Голос депутата из зала:

— Не вижу необходимости в дальнейших дебатах, давайте побыстрее проголосуем да передадим венед Скандербега Виктору-Эммануилу.

Аплодисменты.

Выкрики:

— Правильно!

— Давайте передадим!

— Голосуем!

Слово берет депутат Хюсни Тоска:

— Да здравствует Виктор Мановел!

Ходжо-бей:

— Я счастлив, господин председатель, что на трон Скандербега взойдет его величество Виктор-Эммануил Третий.

Бенджо-бей:

— Армию дуче мы все, за некоторым исключением, приняли как друга. Произошло несколько совсем незначительных стычек, так что о сопротивлении нельзя и говорить, мы встретили ее с цветами, с радостью и с распростертыми объятьями.

Болван-бей:

— Наше единственное желание — чтобы были гарантированы все наши обычаи и наше существование как нации. Все это упомянуто в протоколе — стало быть, гарантировано.

Дуб-бей:

— Во многих городах Италии есть улицы, носящие имя Скандербега, так дадим же его корону королю Италии!

Глуп-бей:

— Мне очень жаль, что я не оратор и не умею выразить свои чувства при осуществлении мечты увидеть Албанию соединенной с фашистской Италией.

Депутат из зала:

— О аллах! Его сиятельство Якомони дожидается нашего решения, а мы тут развели канитель. Давайте поскорее проголосуем да и отдадим корону кому следует.

Аплодисменты.

Слово имеет Гафур-бей:

— Албания связала себя неразрывными узами с фашистской Италией. Албания в сердце у великого дуче фашизма. Так воскликнем же: «Да здравствует дуче фашизма!»

— Да здравствует!

Собрание единогласно постановило передать венец Скандербега Виктору-Эммануилу Третьему, назначило многочисленную делегацию для поездки в Рим и избрало нового премьер-министра. Им стал Шевтет-бей Верляци, несостоявшийся тесть Ахмета Зогу, крупнейший феодал Албании. Он взял слово последний.

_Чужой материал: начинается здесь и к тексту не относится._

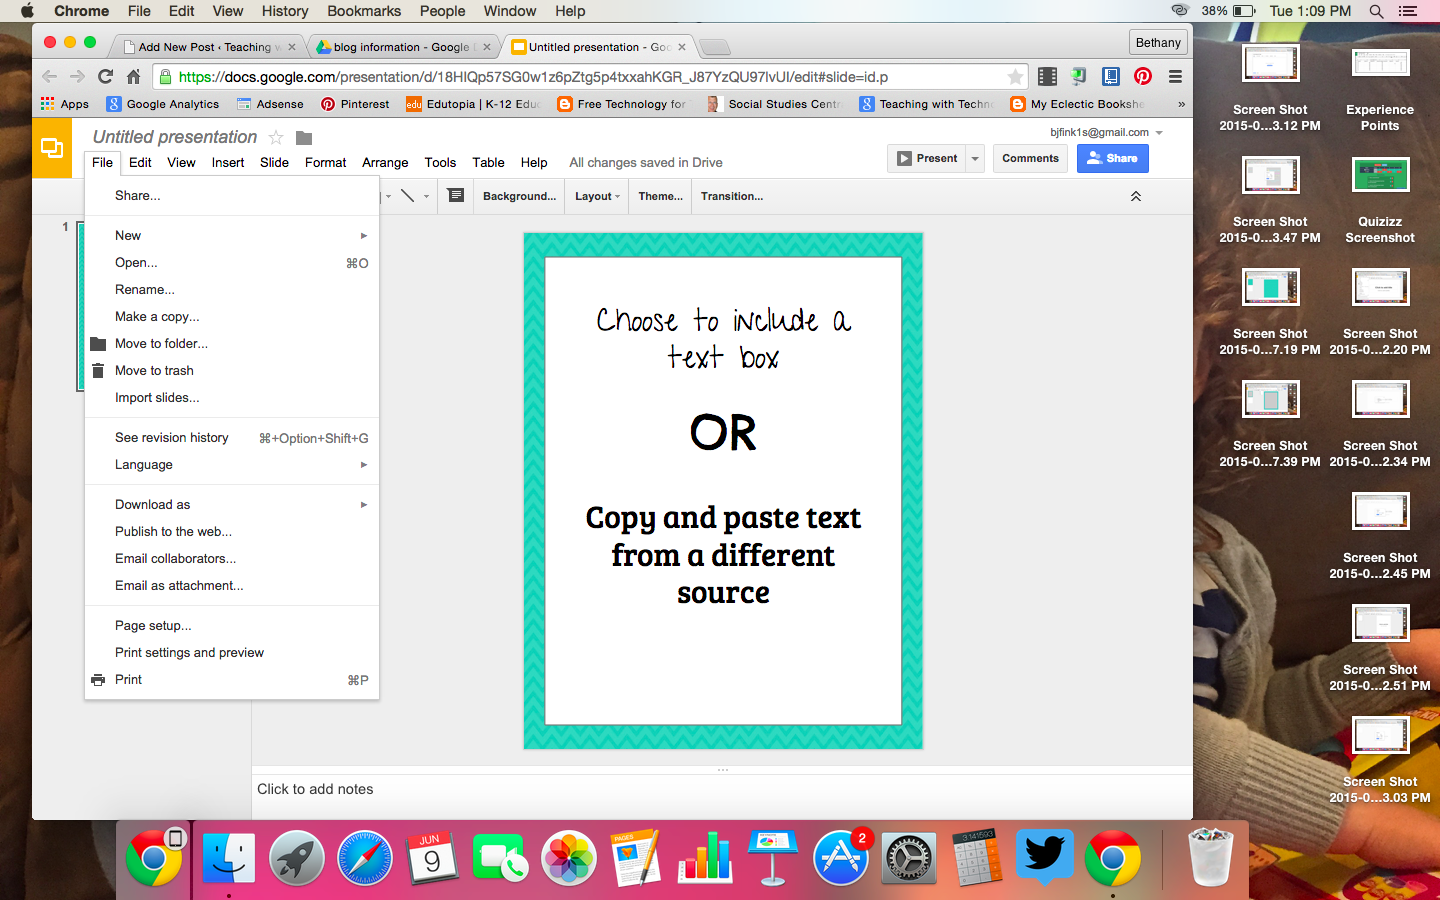 How to Add Backgrounds in Google Docs: A Workaround

— Король Зогу был тщеславен и правил страной, словно феодальный властитель, отныне же у нас будет царить истинная свобода…

Перед зданием парламента Вехби Лика наткнулся на патера Филиппа. Тот сиял торжествующей улыбкой.

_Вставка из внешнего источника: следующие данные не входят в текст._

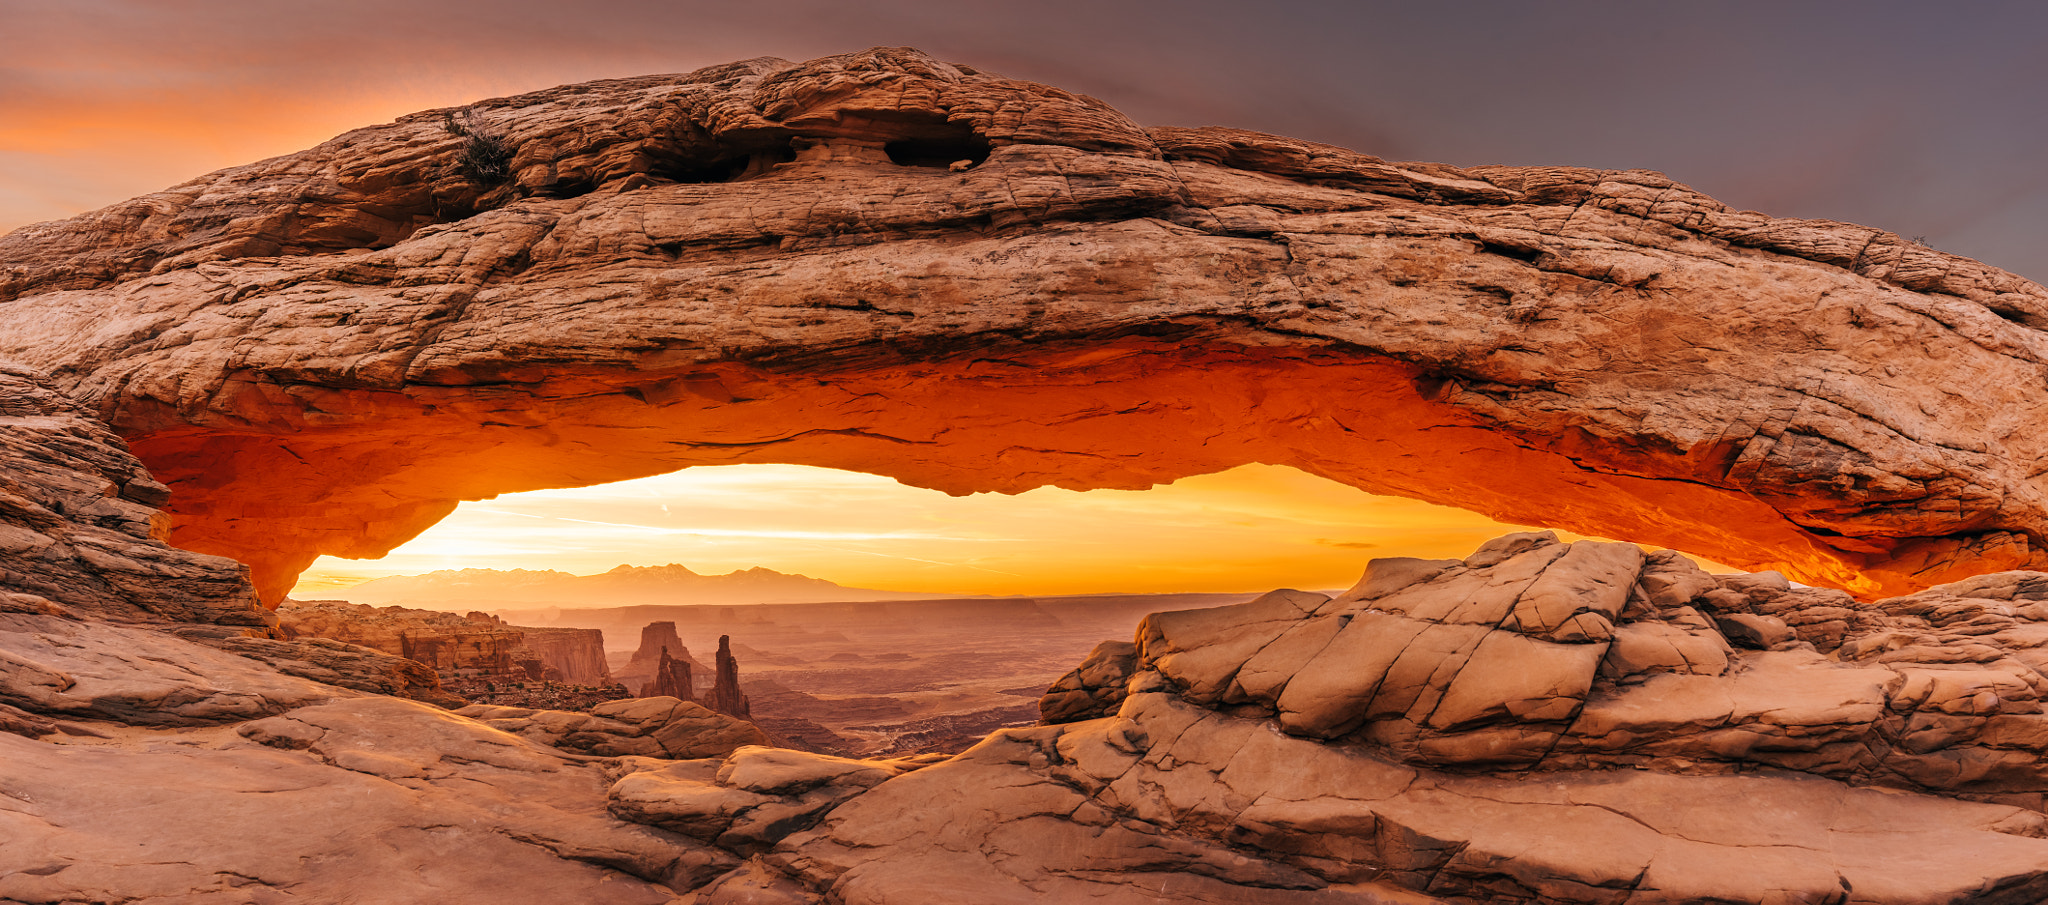 Sony a7 sample photo. Mesa arch chapter 1 photography

— Мои поздравления, падре. Воистину историческое событие.

— О да, это великий день, Вехби-эфенди. Теперь Албания пойдет вперед.

— Наконец-то и на нашей улице праздник, падре…

— Я не знал, Вехби-эфенди, что и вы…

— Да, падре, я тоже ждал этого дня, но при тираническом правлении сатрапа я не мог этого показать. Сколько раз хотел я открыть вам душу, падре! Однако я что-то не вижу патера Георгия.

— Он не приехал.

— Скажите, падре, доволен ли наш национальный поэт?

— Чрезвычайно.

— Он тоже об этом мечтал, не так ли?

— Да, господин Вехби, об этом мечтало все католическое духовенство.

— А вот и Нуредин-бей. Я вас приветствую, Нуредин-бей! Как вам заседание?

— Величественное зрелище! Историческое заседание!

— О, и вы тоже в черной рубашке!

— Как видите, падре. Я эту рубашку приготовил еще много лет назад.

На следующий день делегация, выбранная на заседании парламента, поджидала в аэропорту посадки самолета. «Отцы нации», собравшись кучками, переговаривались.

— Да вы только посмотрите, Фейзи-бей, просто поразительно!

— Да, историческое событие!

— Да какое событие, Фейзи-бей! Я совсем не о том! Вы помните, ведь именно нас выбрали когда-то преподнести корону Ахмету Зогу? Или я ошибаюсь?

Фейзи-бей Ализоти удивленно оглядел членов делегации.

— Странно! Как это вы подметили!

— А некоторые ходили когда-то и к князю Виду. Например, Шевтет-бей, Джафер-бей, Гафур-бей, ваша милость, я…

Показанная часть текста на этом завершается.